The Sovereign Lord has given me a well-instructed tongue,
to know the word that sustains the weary.
He wakens me morning by morning,
wakens my ear to listen like one being instructed.
- Isaiah 50:4
“But to you who are listening I say: Love your enemies, do good to those who hate you, bless those who curse you, pray for those who mistreat you.
- Luke 6:27-28
“Why do you call me, ‘Lord, Lord,’ and do not do what I say? As for everyone who comes to me and hears my words and puts them into practice, I will show you what they are like. They are like a man building a house, who dug down deep and laid the foundation on rock. When a flood came, the torrent struck that house but could not shake it, because it was well built. But the one who hears my words and does not put them into practice is like a man who built a house on the ground without a foundation. The moment the torrent struck that house, it collapsed and its destruction was complete.”
- Luke 6:46-49
“Have we learned the habit of listening to what God says? Have we added this resolute hearing in our practical life? We may be able to give a testimony as to what God has done for us, but does the life we live evidence that we are not listening now, but living only in the memory of what we once heard? We have to keep our ears trained to detect God’s voice, to be continually renewed in the spirit of our mind. If when a crisis comes we instinctively turn to God, we know that the habit of hearkening has been formed. At the beginning there is the noisy clamour of our own misgivings; we are so taken up with what we have heard that we cannot hear any more. We have to hearken to that which we have not listened to before, and to do it we must be insulated on the inside.

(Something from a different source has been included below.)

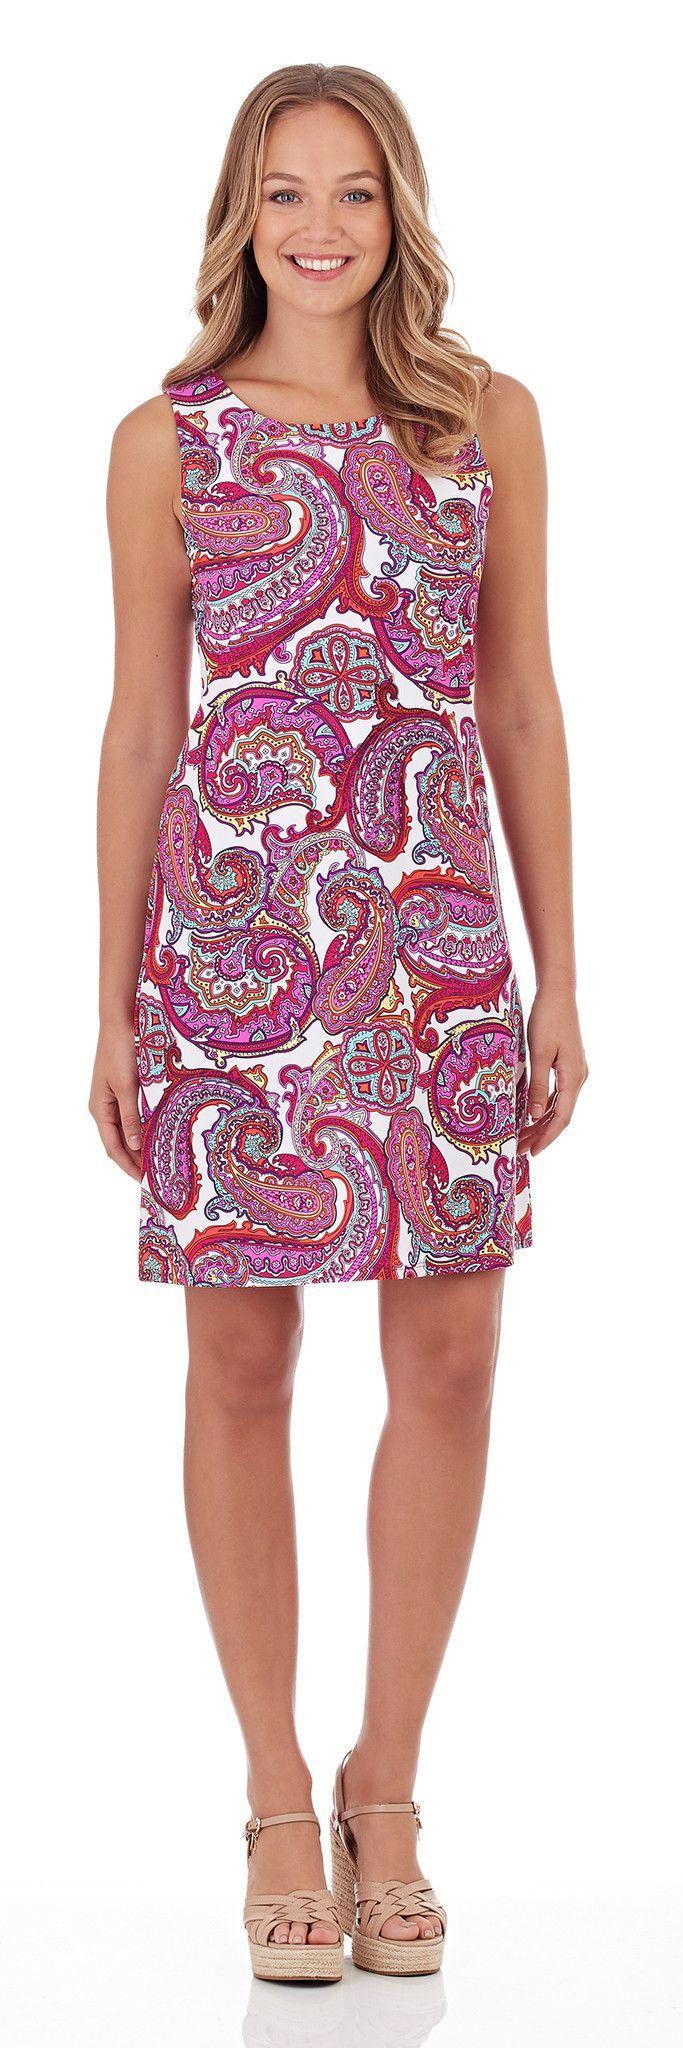 Jude Connally Beth Dress In Paradise Paisley Fuchsia

“’He wakeneth mine ear to hear as the learned.’ Once a week at least read the Sermon on the Mount and see how much you have hearkened to it-‘Love your enemies, bless them that curse you’; we do not listen to it because we do not want to. We have to learn to hearken to Jesus in everything, to get into the habit of finding out what He says. We cannot apply the teachings of Jesus unless we are regenerated, and we cannot apply all His teachings at once. The Holy Spirit will bring back to our remembrance a certain word of our Lord’s and apply it to the particular circumstances we are in, the point is-are we going to obey it? ‘Whosoever … heareth my sayings, and doeth them … ‘When Jesus Christ brings a word home, never shirk it.”
- Oswald Chambers, Daily Thoughts for Disciples (November 17, from Grow up into Him)
“In times of war and not before,
God and the soldier we adore.
But in times of peace and all things righted,
God is forgotten and the soldier slighted.”
- Rudyard Kipling, A Time for Prayer
Rev. Chambers makes the point clearly here. He causes me to think of the poem of varied provenance, quoted with the Kipling version, we hearken to God in the hard times, but we forget God when the trouble is over.
But if we do not incline our ears to God, we will never hear Him. And when we only incline our ears to God in the tough times, the “tough times” often make so much noise that we could not hear God’s voice.
But if we incline our ears and listen in peaceful times, we can get to know God’s voice. When Jesus made the “I AM” statement about being the good shepherd, He said that those sheep that were His hear His voice, but do we train ourselves to hear His voice all the time?
Kipling’s poem is “A Time for Prayer” but Paul wrote the Thessalonians and told them to pray continually. It is not that any time is a good time for prayer; it is that ALL time is THE time for prayer.
And when we pray, we need to shutdown our side of the conversation. Too often, we talk about what we want, and maybe a little about what we need. We say some rehearsed lines of praise and thanks, and then we say “Amen” and get back to what we were doing.
We never hang around, being quiet, to hear God’s voice.
But if we can do that in the easy times, the good times, we will know how to hear God’s voice in spite of the shouts from the “bad times.”
Soli Deo Gloria. Only to God be the Glory.